Seamus paints a colourful, often painful, picture of the typical people he came across.

“Both the patients and the doctors I include in the book are amalgams of the people I dealt with over the years,” explains Seamus, who worked in the emergency ward, the general ward, intensive care units and endoscopy.

“There were two of us gastroenterology consultants for 14 years until we grew to four. The workload was pretty intense.”

As a trained ‘ologist’, Seamus combined elements of a priest, a social worker and counsellor as part of his work. Administration had to be done too.

“I could spend a lot of time reading emails and answering them if I chose to,” says Seamus.

He also highlights the effects of alcohol consumption, which he saw increase during his career.

“In the 1980s, liver cirrhosis was relatively uncommon,” says Seamus. “Many of my parents’ generation were generally teetotallers mainly for religious reasons, or at least alcohol consumption was modest.

“In the 1990s and 2000s, when alcohol consumption rose sharply, there was an epidemic of liver disease. Much of my consultant career was caring for victims of this epidemic.”

Seamus, already a prize-winning author, who hopes to travel to London to Kings College, where he has an appointment as visiting professor at the Centre of Humanities and Health, is going to work in the interim among the community as a vaccinator.

“Yes, that’s what I’ll be doing. And I’d like to get travelling again to medical conferences abroad,” says Seamus.

He likes cooking and walking his dog.

Does he cook for gut health?

“No,” says Seamus laughing.

“I cook what tastes good and I cook for pleasure!”

Does he have any ailments himself?

“I have arthritis in my hands, so I don’t garden.”

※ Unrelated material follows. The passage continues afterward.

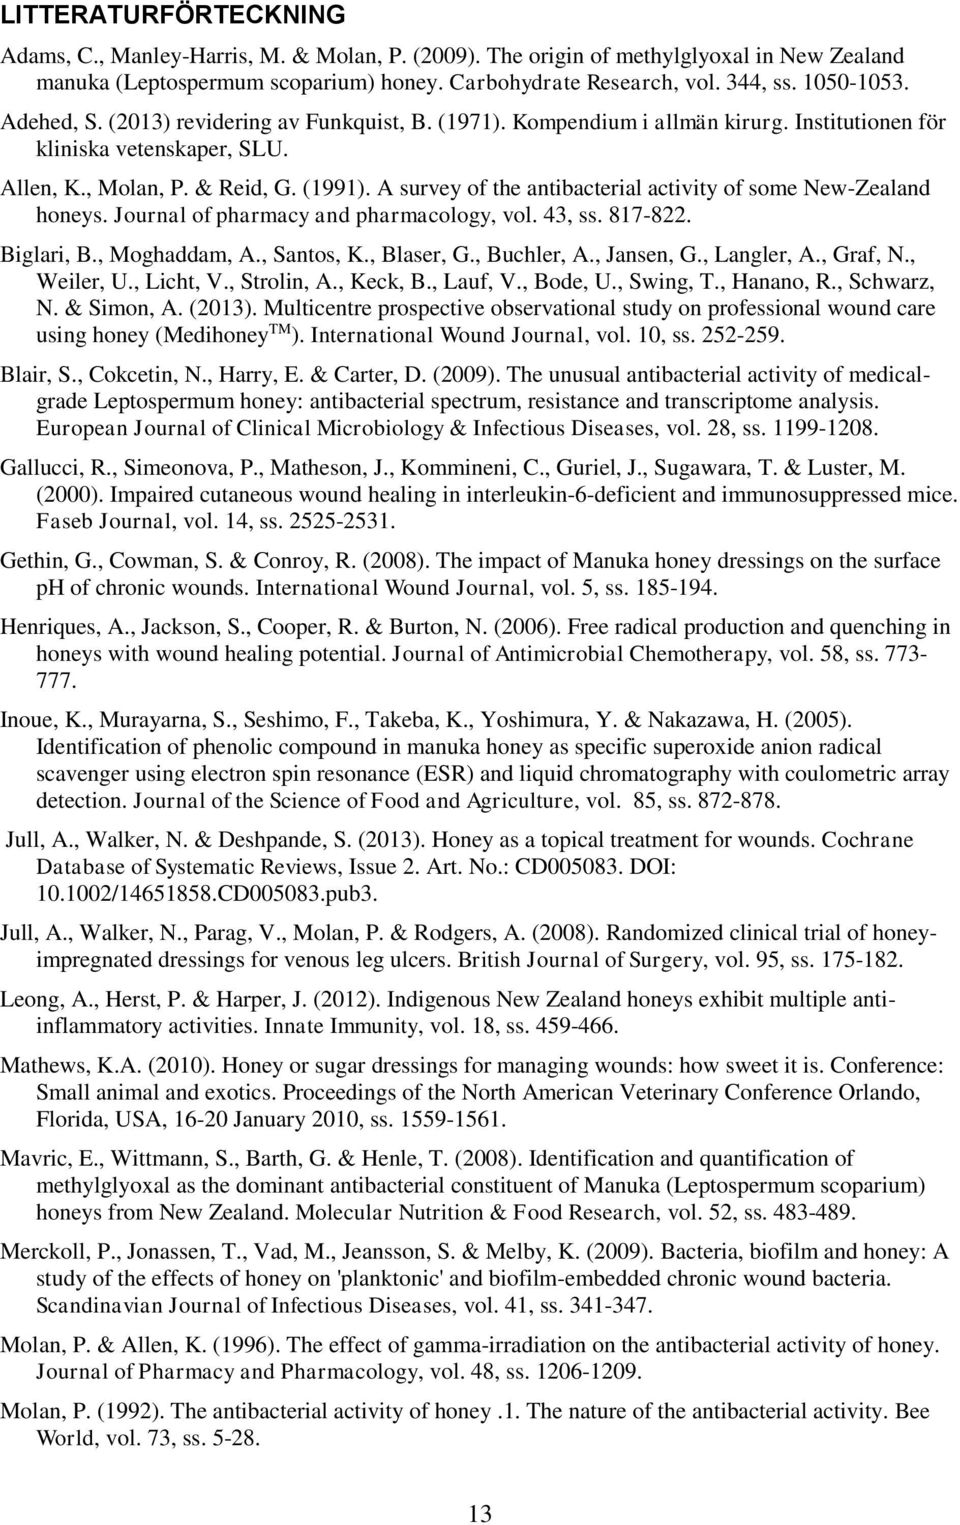 A survey of the antibacterial activity of some New-Zealand honeys. Journal of pharmacy and pharmacology, vol. 43, ss. 817-822. Biglari, B., Moghaddam, A., Santos, K., Blaser, G., Buchler, A.
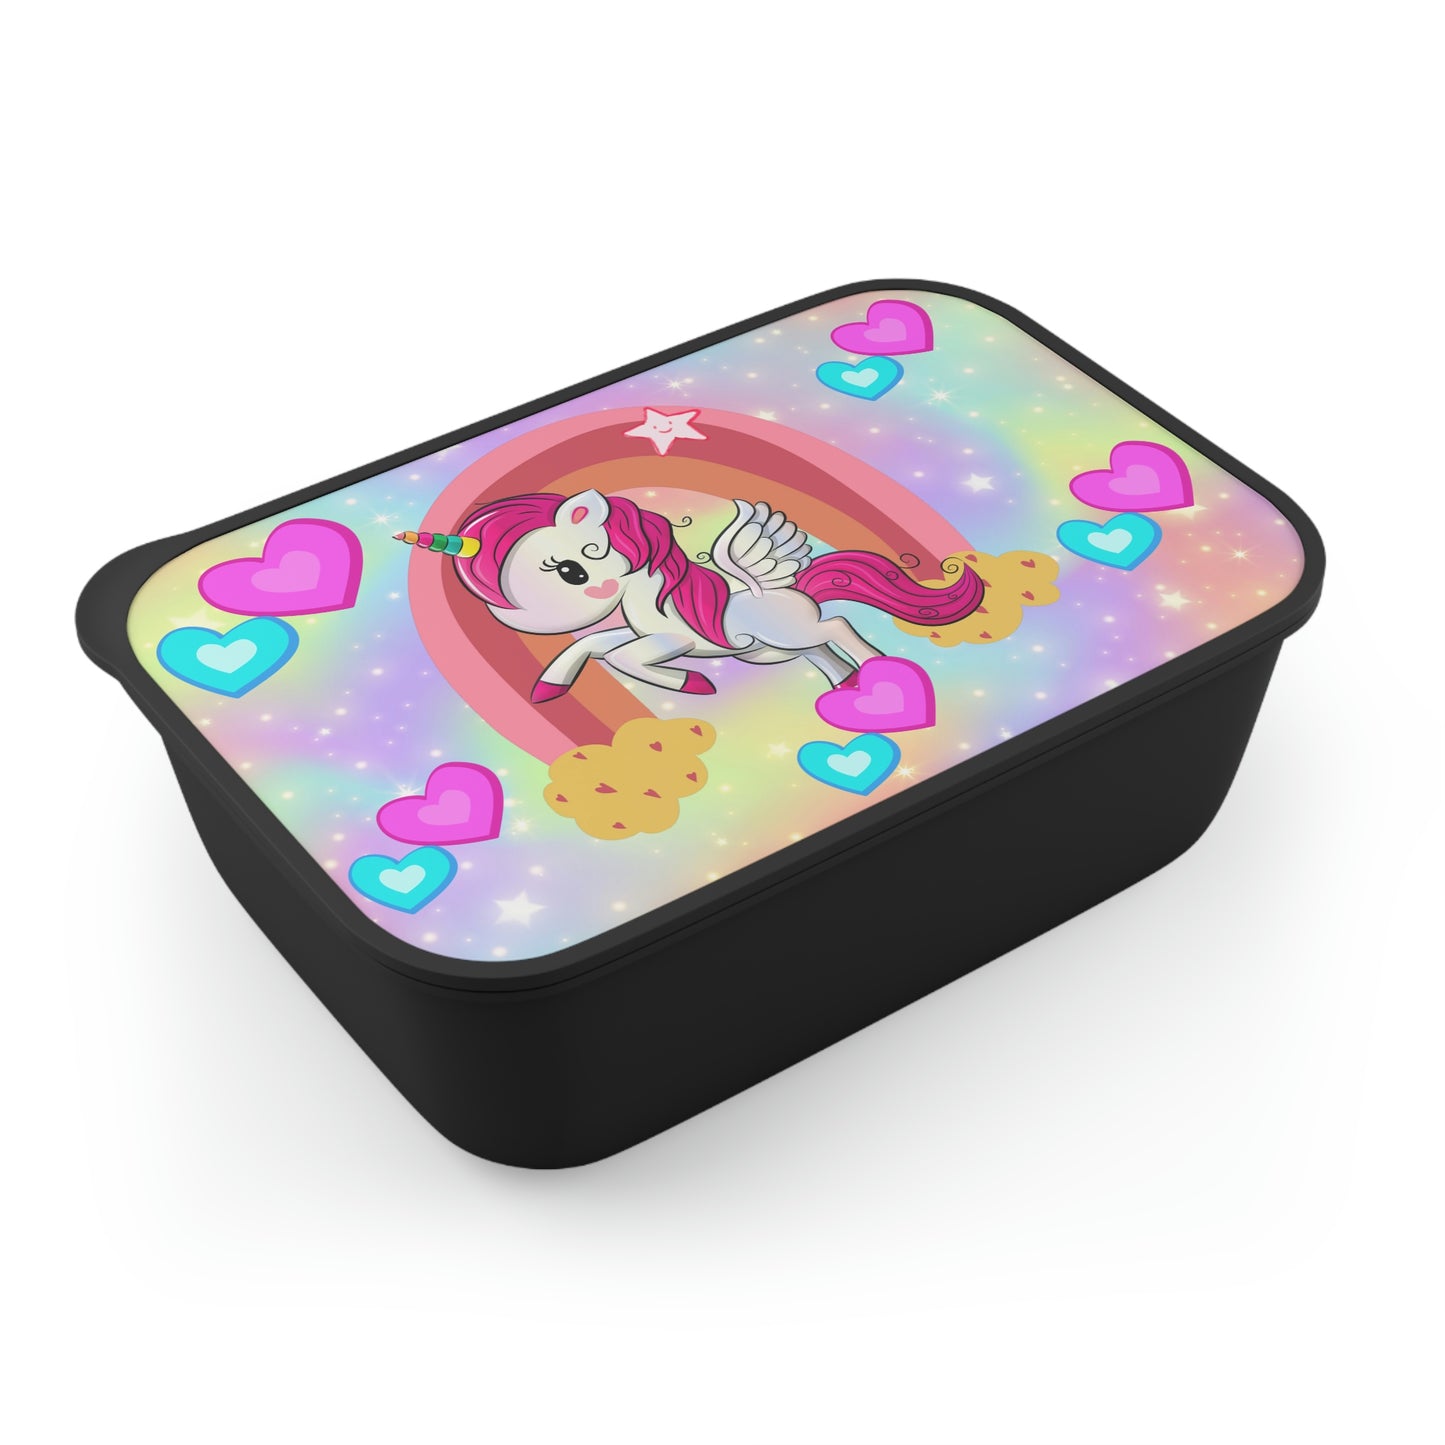 Unicorn Kids Lunch Box / " PLA Bento Box " with Band and Utensils

But he does write, and he does so with humour and honesty, about heart-warming incidents both happy and sad, even ridiculous! And because laughter is the best medicine, Seamus includes a good dose of that in the novel.

The Ministry of Bodies is a thumping good read which has mass appeal for the man on the street and for men and women everywhere who relish a real-life take on the ‘ministry’ where people come to be cured and to die.

Seamus gives us a guided tour of the halls and wards where most of us visit at some point in our lives.

“I hope people enjoy reading it,” says Seamus.

They will. Because he tells it like it is.

The Ministry of Bodies by Seamus O’Mahony, available now in Easons, Dubray and Amazon, priced €17.99.